What is required → Each line from the one containing "Cognitive Behaviour Therapy" to the end of the data must be copied exactly, the first and last included; no other lines and no pictures belong in the copy.

Data →

· · · · ·

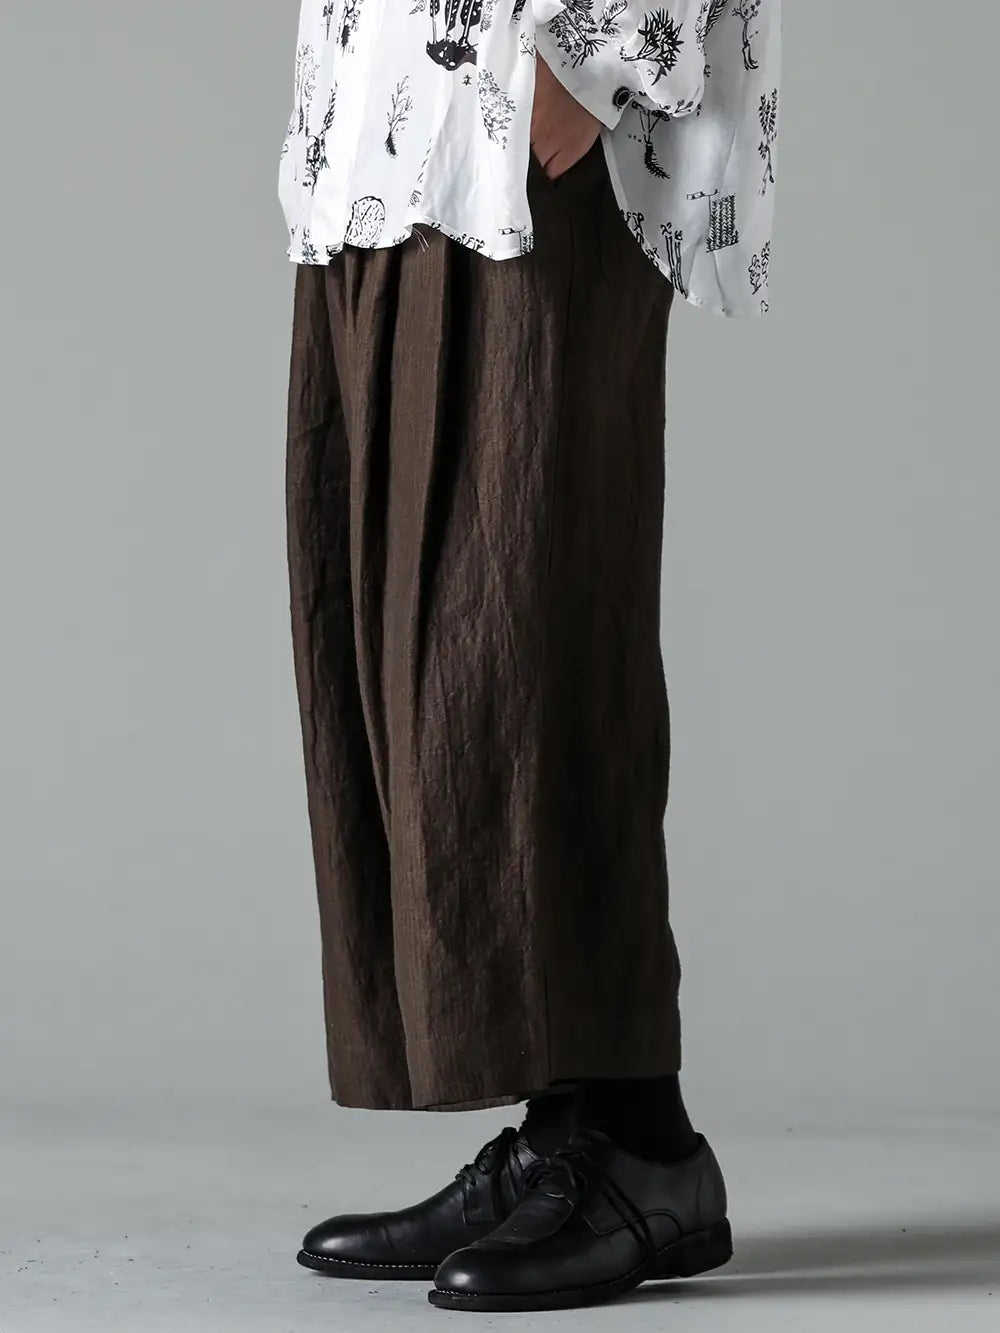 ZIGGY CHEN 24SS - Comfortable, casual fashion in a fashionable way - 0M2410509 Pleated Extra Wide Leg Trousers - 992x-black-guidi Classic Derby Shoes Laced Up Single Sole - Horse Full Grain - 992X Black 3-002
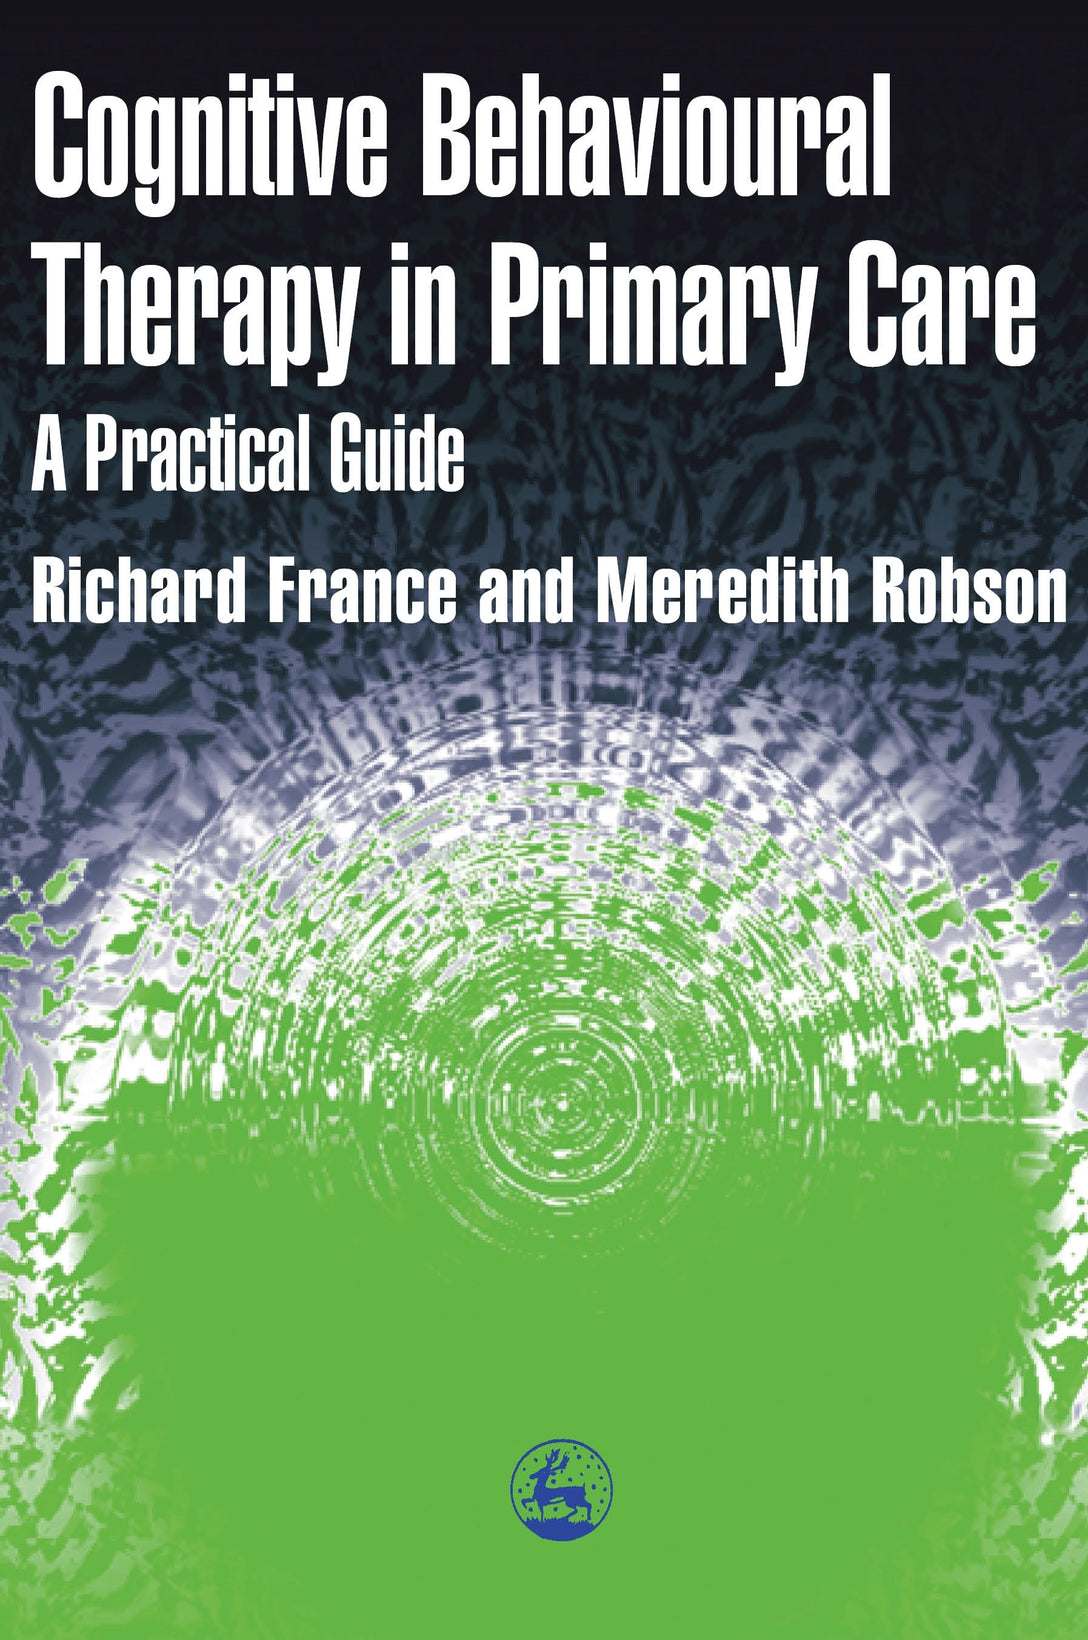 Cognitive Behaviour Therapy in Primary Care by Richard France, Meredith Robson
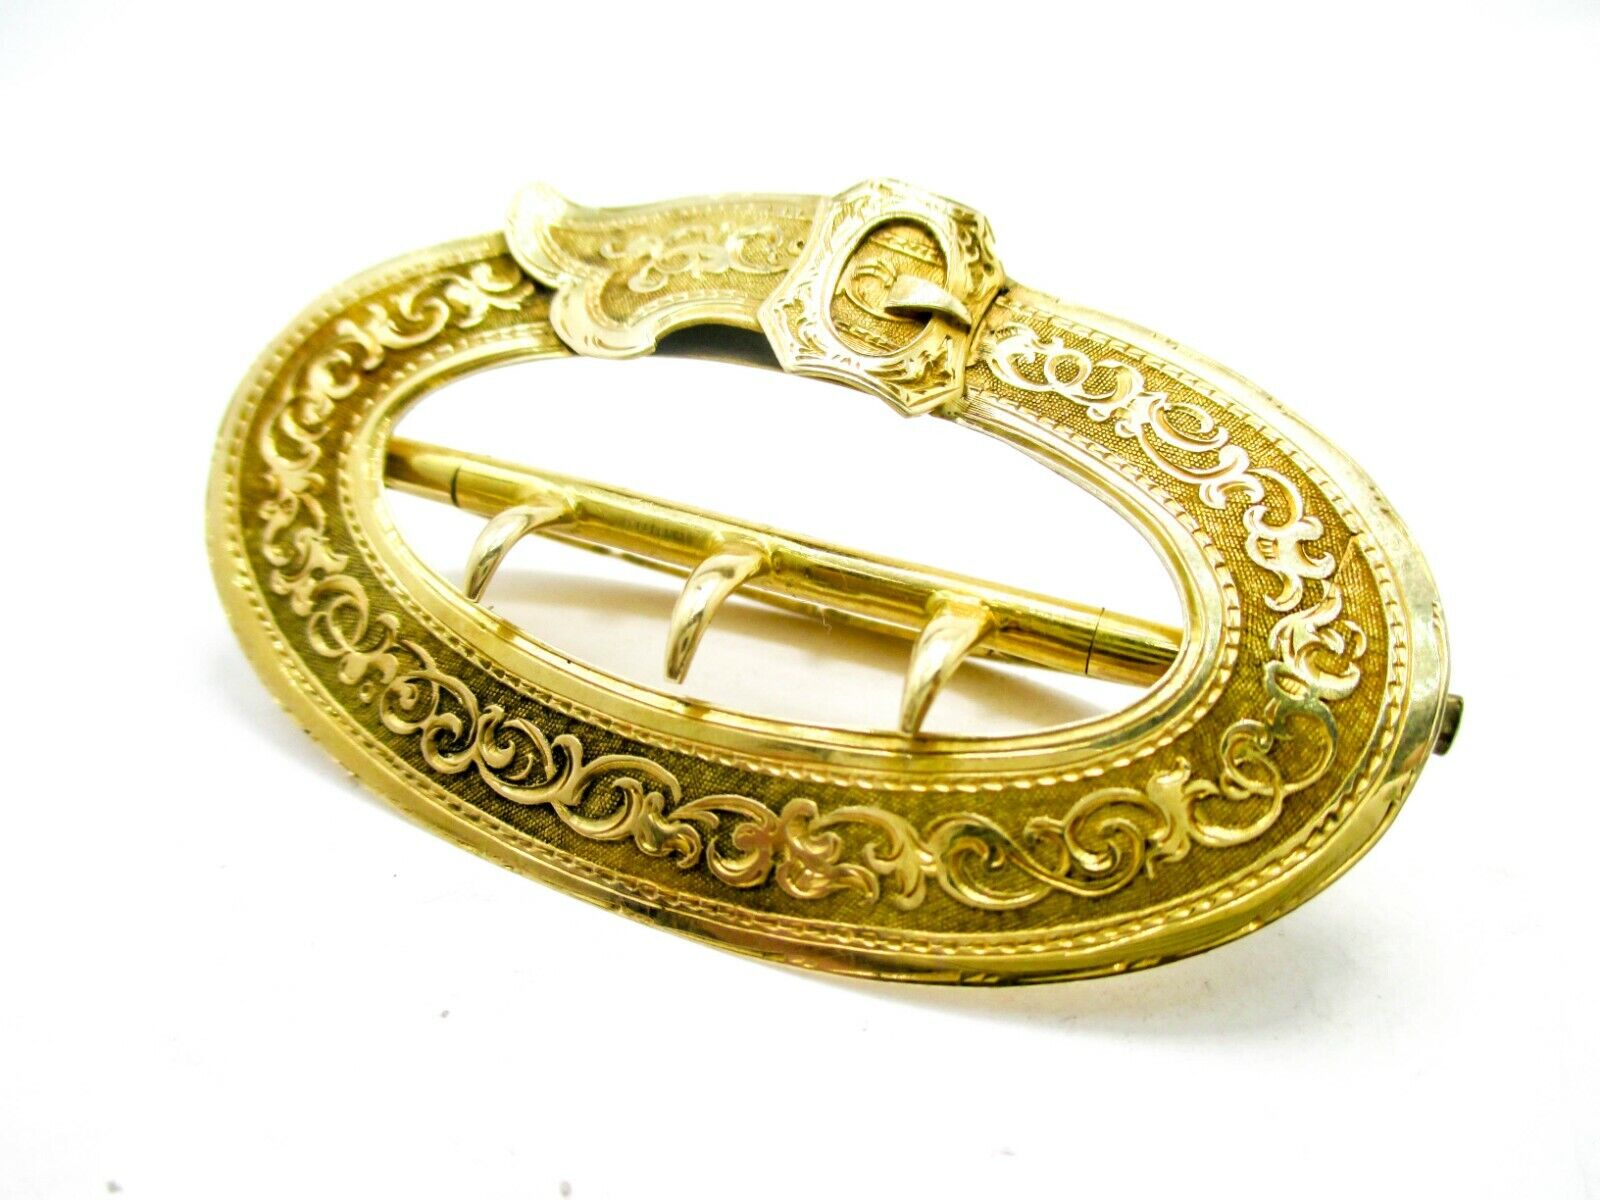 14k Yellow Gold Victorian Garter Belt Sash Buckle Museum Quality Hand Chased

· · · · ·

Answer box →
 Cognitive Behaviour Therapy in Primary Care by Richard France, Meredith Robson
 14k Yellow Gold Victorian Garter Belt Sash Buckle Museum Quality Hand Chased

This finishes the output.